Francisco Gómez Maza
• El derrumbe del poder de compra
• No obstante, aún hay esperanza
Ya antes de que se presentara en las ciudades, pueblos, comunidades, colonias ejidales y rancherías el nuevo coronavirus, feroz sicario con permiso para matar, el dinero no le alcanzaba a alrededor de 70 millones de los 130 millones de personas que habitan en el inmenso territorio de esta nación, bautizada por Joseph H. L. Schlarman como México, tierra de volcanes.
Y coincido con mi tocayo porque las erupciones de los volcanes sociosicopáticos no paran un día sí y el siguiente también, mientras la población de clase media hacia abajo no ve las suyas, como dicen en mi terruño.
El dinero, el poco dinero de que disponen millones (México, millonario en pobres), si es que no están desempleados, no les alcanza para alimentarse, para cuidar la salud, o para transportarse. Ya ni pensar en renovar el mobiliario gastado, el vestido rasgado, y otras seudosatisfactores de la vida diaria. Ni pensar en unas vacaciones todo pagado.
Esta mañana, precisamente, me contó un vecino que aprovechó un par de horas de la mañana (el supermercado abre sus puertas a las 7 horas) y fue a surtir su despensa.
Mi vecino es de clase media proletaria, empleado de gobierno (tampoco es un Gutierritos), con categoría de jefe de departamento; percibe un sueldo modesto, que le fue recortado por la austeridad republicana, pero que siempre le había alcanzado para lo más necesario; su familia está integrada de cuatro miembros y gastaba un promedio de mil 500 pesos para satisfacer las necesidades de alimentación, lavado de ropa, aseo personal, entre otros para una quincena.
Pues fíjese, vecino, me dijo a boca de jarro, colocándose el cubreboca para que no me rociara de saliva invisible. Resulta que esta mañana, por la misma cantidad de mercancías que me surto cada dos semanas, me cobraron dos mil 500 pesos. O sea que me aumentaron mil pesos. No me alcanzó lo que llevaba en efectivo. Me vi obligado a dar un tarjetazo. Ahora, me encarecieron los alimentos y productos domésticos y, de ribete, tendré que pagarle al banco el préstamo y los intereses. Y la empresa donde laboro no me ha aumentado ni me aumentará mis ingresos.

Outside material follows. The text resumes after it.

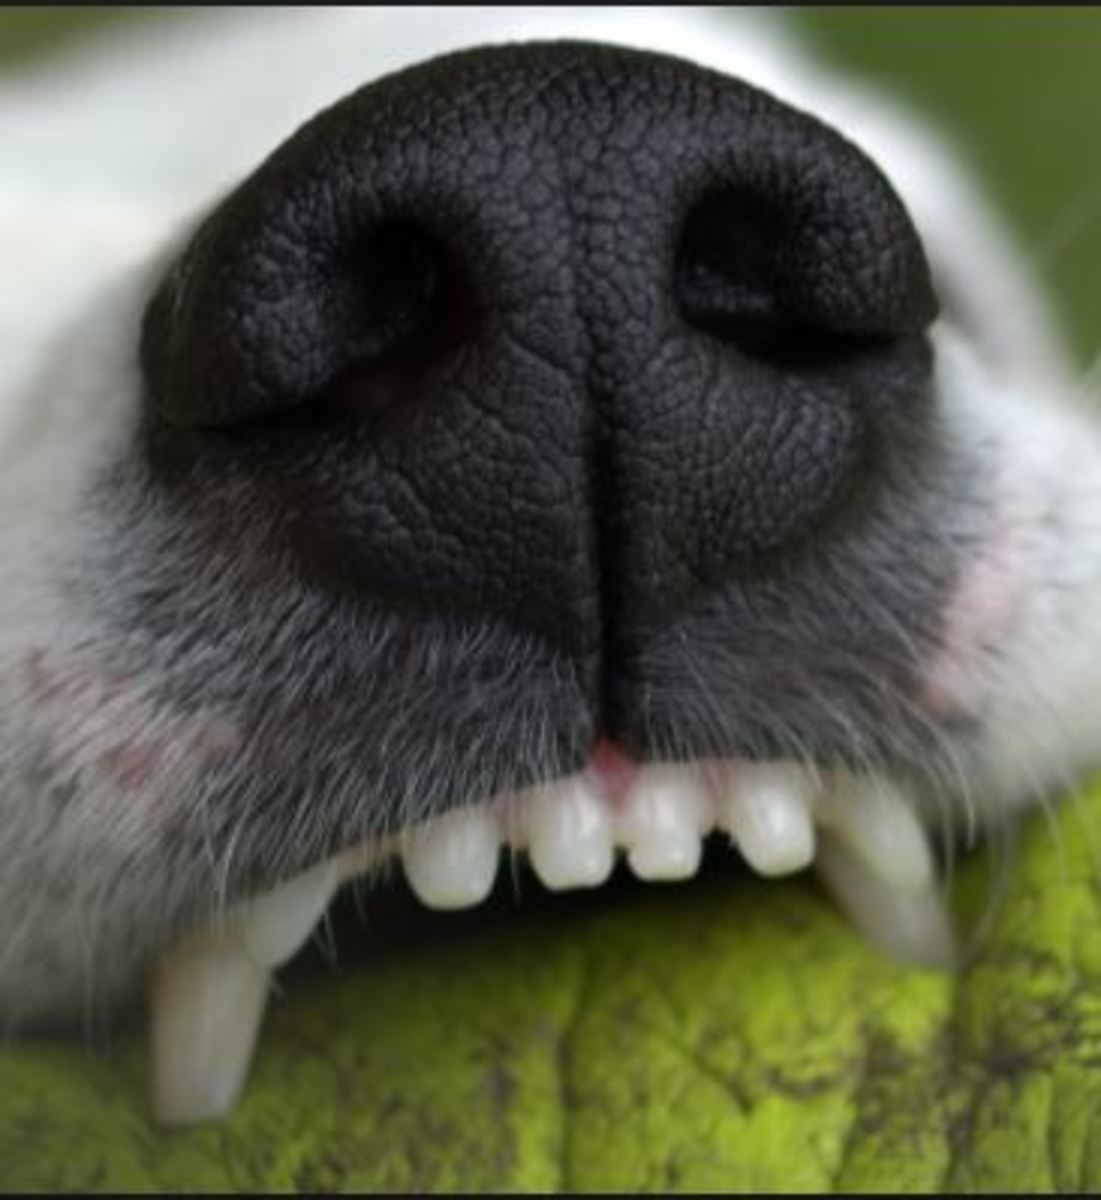 dogs teeth are worn down

Me habla alguien que no es rico, pero tampoco es pobre pobre. Es un profesional que nunca había tenido una bronca económica. No disfruta de los lujos de la clase media acomodada, pero tiene una computadora personal, un televisor de pantalla plana, refrigerador (nevera), cocina integral, lavadora de ropa, un auto pequeño en donde cabe la familia. Clase media, pues, como la que desapareció desde la gran crisis del 81 y terminó de desaparecer con la del 85. En estos tiempos de pandemia, la sociedad mexicana se divide en clase alta y sarrapastrosos. Y a la gran mayoría la despojaron de la mediana capacidad de compra de que gozaba antes del pasado febrero, cuando el SARS-Cov-2 invadió estos lares y bares.

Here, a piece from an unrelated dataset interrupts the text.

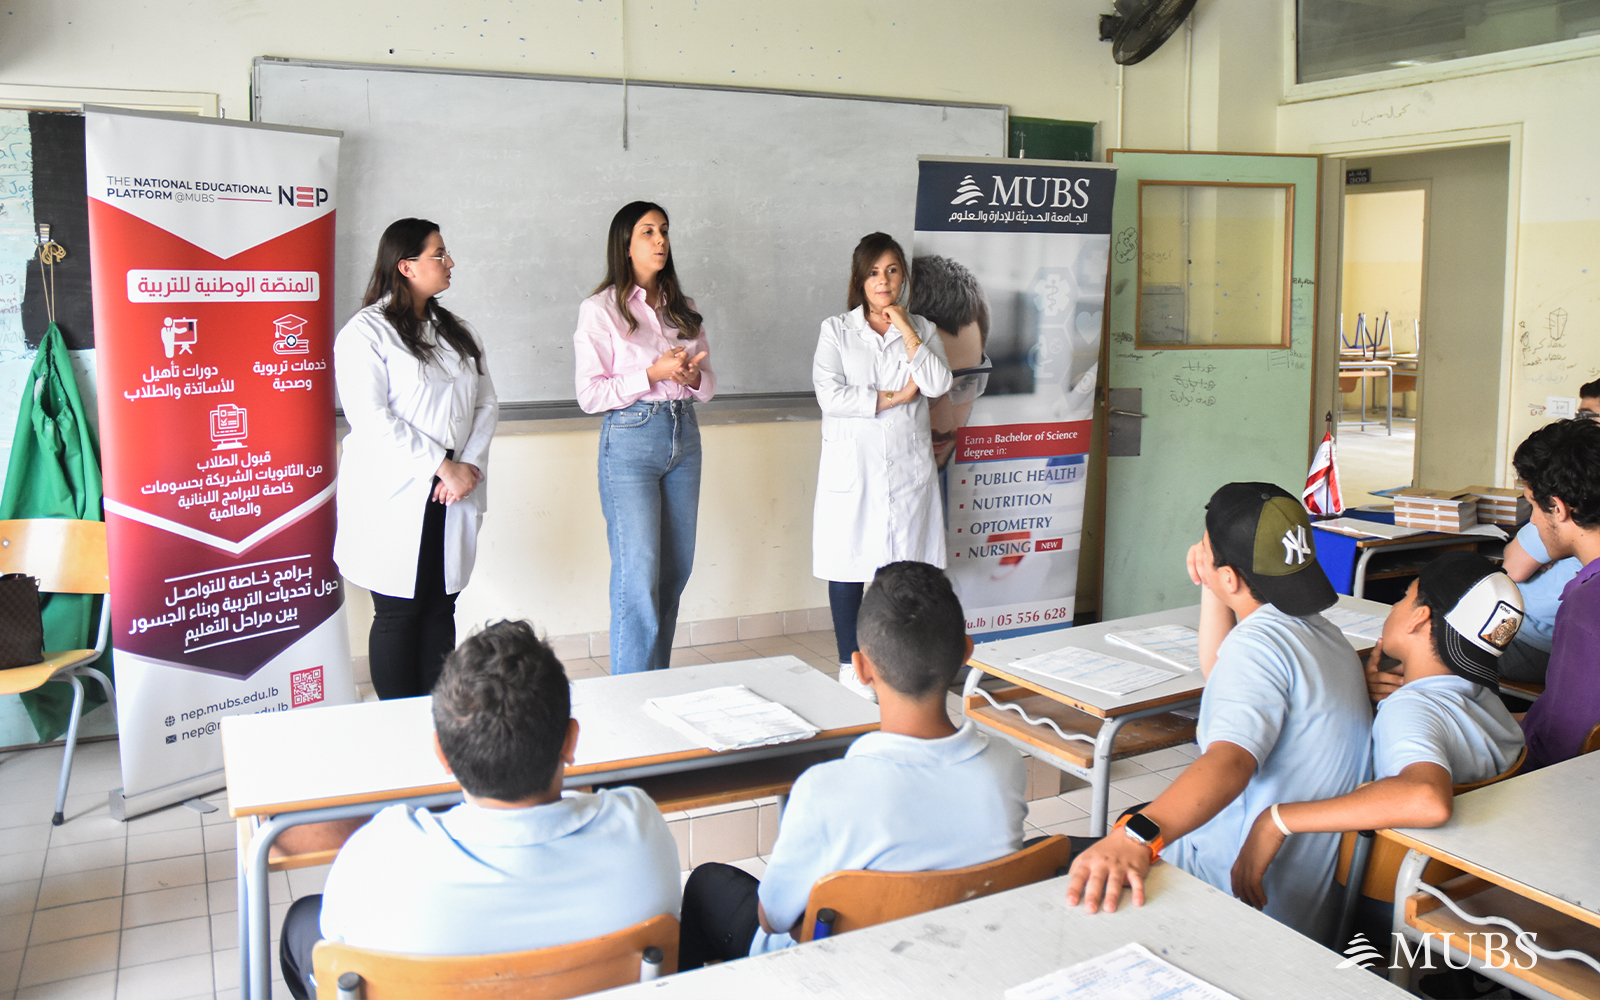 MUBS & NWN Organize a Health Day at Gebran Tueni School to Foster Wellness Through Interactive Stations

Ustedes, ex clasemedieros de cepa, no se han dado cuenta de que este país ya cambió – de tajo cambió-, pero no porque haya habido una revolución, y menos bolivariana, sino al revés. Los invasores virales lo destruyeron. Acabaron con la esperanza de una vida mejor quién sabe de cuántos millones de mexicanos. No sólo de los que quedaron desempleados, sino de muchos más, muchos de la otrora clase media, inclusive aquella burguesa de Luis Buñuel, que estando en París soñaba en la Ciudad de México y estando en Ciudad de México soñaba con bailar un vals en el chateau de Versailles.
Y de ribete, se agudiza la concentración de la riqueza en muy pocas manos, cuando lo que este país necesita es equilibrar lo individual con lo colectivo para lograr un desarrollo verdaderamente capitalista, en donde exista un equilibrio entre el capital y la fuerza de trabajo.
Los gobiernos planean, proyectan, instrumentos para la recuperación económica; para la recuperación del poder adquisitivo de las inmensas mayorías. Sin embargo, el horizonte está cargado de negros nubarrones. Y ese modo de ver las cosas no es pesimismo, sino realismo puro.
Pero a pesar de la pesadumbre que ocasiona lo incierto, amigo, amiga, no permita que este panorama de dolor y ahogamiento emocional y físico, aparentemente absurdo, lo arredre. Aún no estamos en el infierno, donde muere la esperanza.